Extended events are great; they have all the goodness of profiler except you don’t use profiler. Win/win! More to the point, extended events let you quickly and easily view, sort, and aggregate events that occur on your instances. They also have powerful filters (really, a “where” clause) to limit noise. You have way more control over what you monitor, how you store the data, and how you view and use it. This makes them perfect use to track replicated transactions, since we want to measure at both an individual level and the aggregate.

I fired up management studio and went to “New Session” looking for some replication event goodness and I found…

replicationevents

… nothing. I tried looking for events that had even parts of the name replication in it. No such thing, apparently.
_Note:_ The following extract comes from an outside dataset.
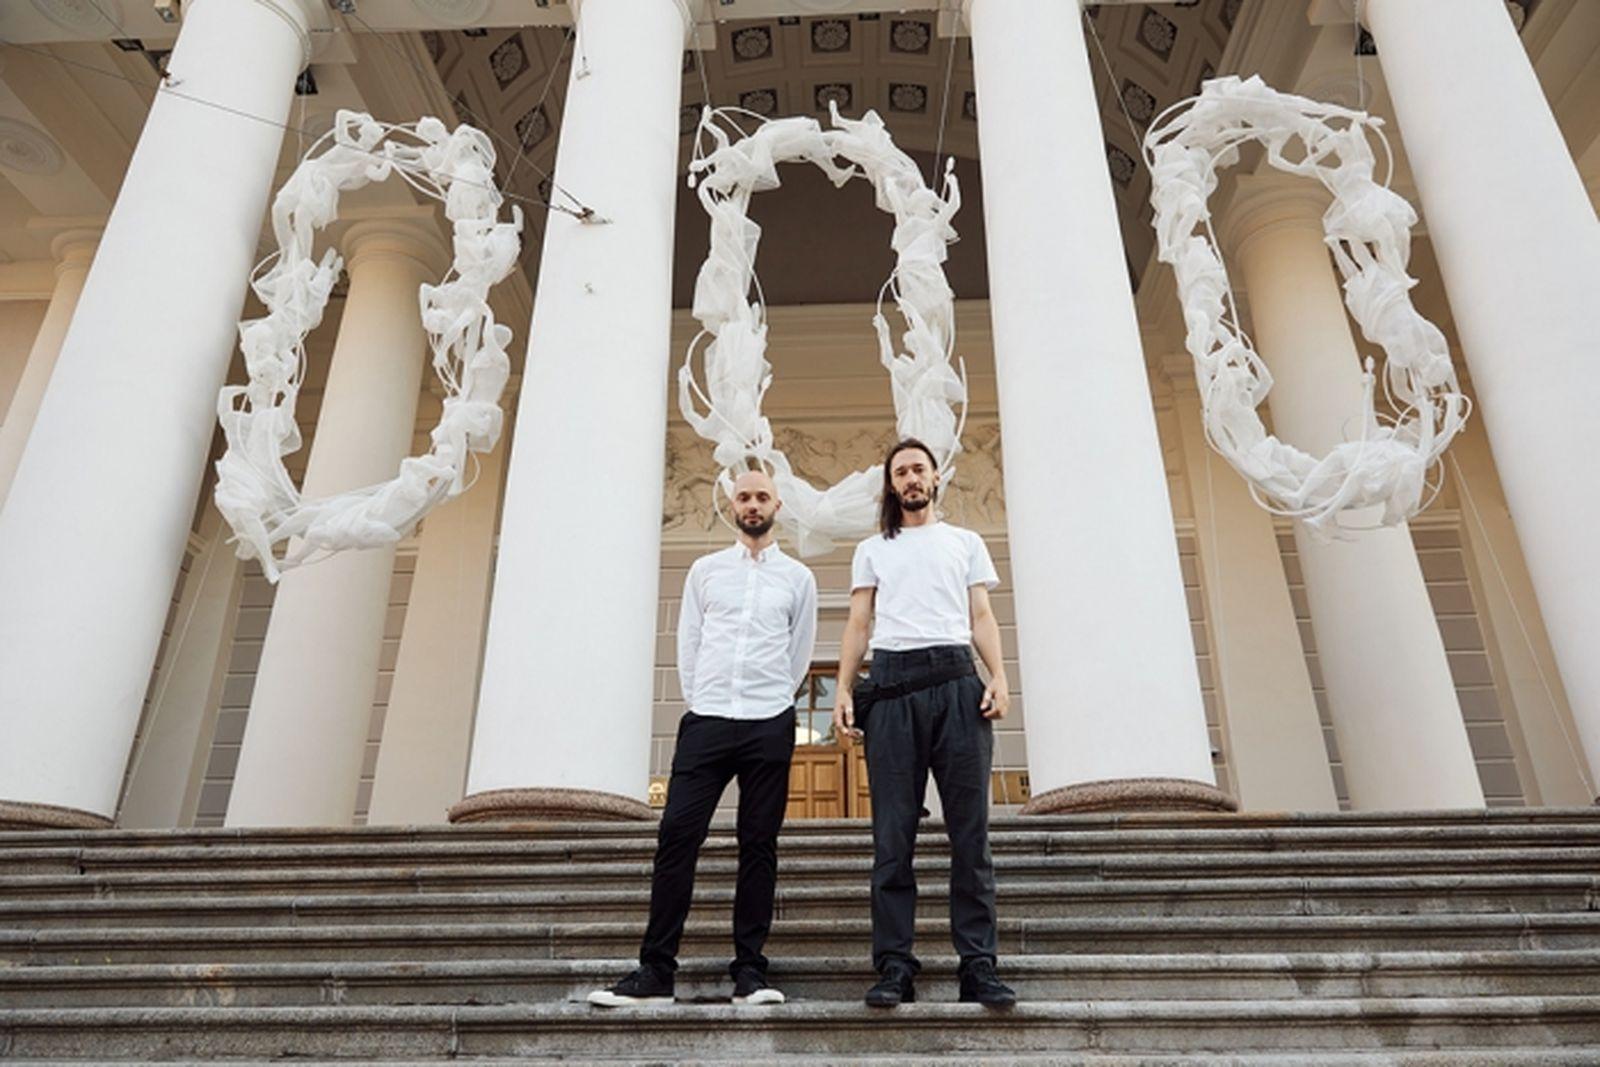 В дуэте Recycle group художники работают с 2008 года / Андрей Блохин и Георгий Кузнецов, фотограф Дмитрий Смирнов

After thinking about it though, it makes sense: replication isn’t part of the database engine. Replication works off of agents, which are running at the OS level and just run commands against your databases depending on what type of agents they are. The trick is knowing which events to use to capture the activity you’re interested in.

Monitoring subscription performance

The most common metric you’d probably be interested in is how fast transactions are being applied at your subscriber, or how long is each command taking? To do that, you’ll need to set up an RPC Completed event session.

Why RPC completed? Well, let’s find out by monitoring it. Let’s build a new extended event session on the sqlserver.rpc_completed event. My sample session code is below. To cut down on noise, I am also adding some filters: I am going to just capture events from the subscriber database and I am going to filter requests that come from my distribution agent account. The output will be stored in a file name (which defaults to wherever your SQL Server log files live).

All replication agents use rpc to issue their statements to your server, even if you change the delivery method of transactions from stored procedures to INSERT/UPDATE/DELETE statements. Only filtering on RPC completed leaves you lot of data to sift through, however. For example, let’s run a simple update statement against AdventureWorks2014 (which I am replicating to the subscriber database mentioned above).

We’re just going to update one row on our publisher. To view the replicated transaction, let’s view our extended event session data:

Buried in our event file output (along with a ton of replication barf) is our statement. The actual update that gets delivered to the subscriber is the row right above the highlighted blue row (you might want to click the picture to zoom in a bit, it’s pretty wide).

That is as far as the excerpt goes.